What do you think? Did you find this article interesting, entertaining, or helpful? Feel free to chime in with a comment below.

0 thoughts on “21 Things Every Opera Singer Should Own

  1. This is excellent advice for many folks who travel for work!

    Regarding stage shoes, do singers have any say in the general style? What about a soprano who cannot wear heels?

    1. Hi Lisa, your question came at the perfect time—I have to wear these heels in a show and I’ve got this massive ache on my left foot. I was given insoles but they didn’t do the job. So I simply asked the costume department if I could wear a different pair of shoes. Singers have little say in the style but if you’re in pain, any professional costume department will be happy to help out.

  2. Good recommendations! Some link alternatives if they’re not working for folks.

    * That piano app link is broken, this link seems like the right one: http://rubycell.com/game_detail/Android/Pianist-HD/

    * If you want to sell your car and buy all of the Nico Castel libretti, you can buy them all here at once: http://www.thejuilliardstore.com/product/the-complete-nico-castel-libretti-and-song-texts-by-leyerle-productions

    * Tabs link is broken too but couldn’t find the same product.

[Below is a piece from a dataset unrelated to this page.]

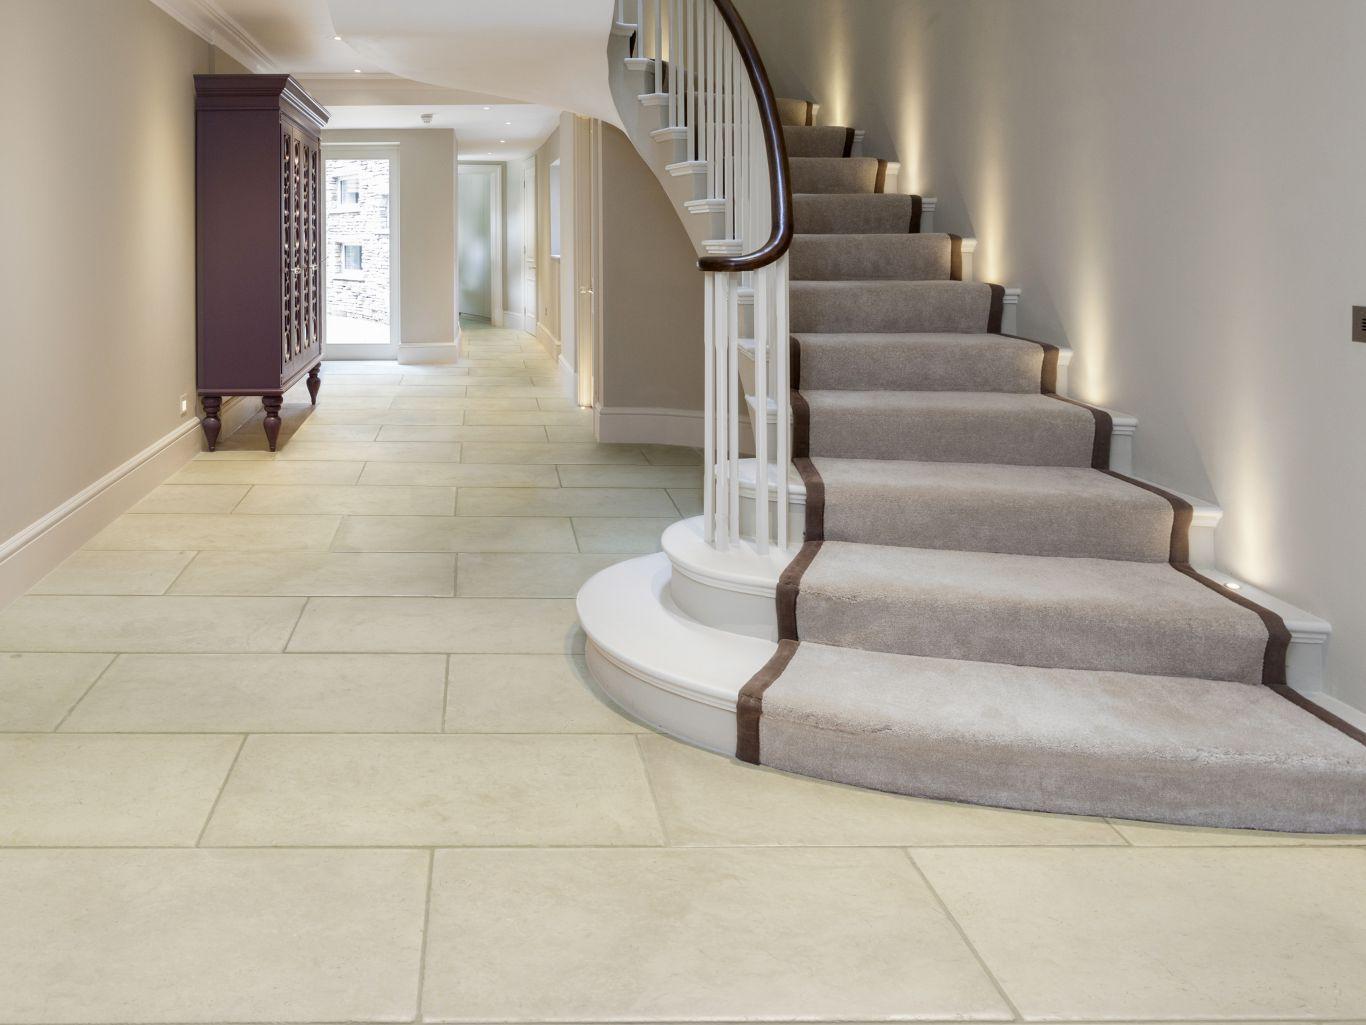 Ca pietra floor tile google search house inspiration pinterest ca pietra floor tile google search dailygadgetfo Gallery

    1. Thanks for these links! I know, Castels are so pricey. For many years, I went to music libraries to use them which was a great resource. Even today, I only have one or two of the libretti.

  3. This is great! As a young singer, getting all these tips and tricks has made my life so much easier. Next purchase is definitely a humidifier! Thanks for taking the time to help us out!

  4. Superb pointers for frequent fliers. Another excellent luggage brand is Tumi. A colleague introduced me to black current throat losenges from 🇨🇭 Switzerland. Good point about mucinex DM and Zithromax Z pack, just in case. Rennie antacid from England is helpful too. Must attend frequent medical conferences so keep a bag packed with toiletries at all times!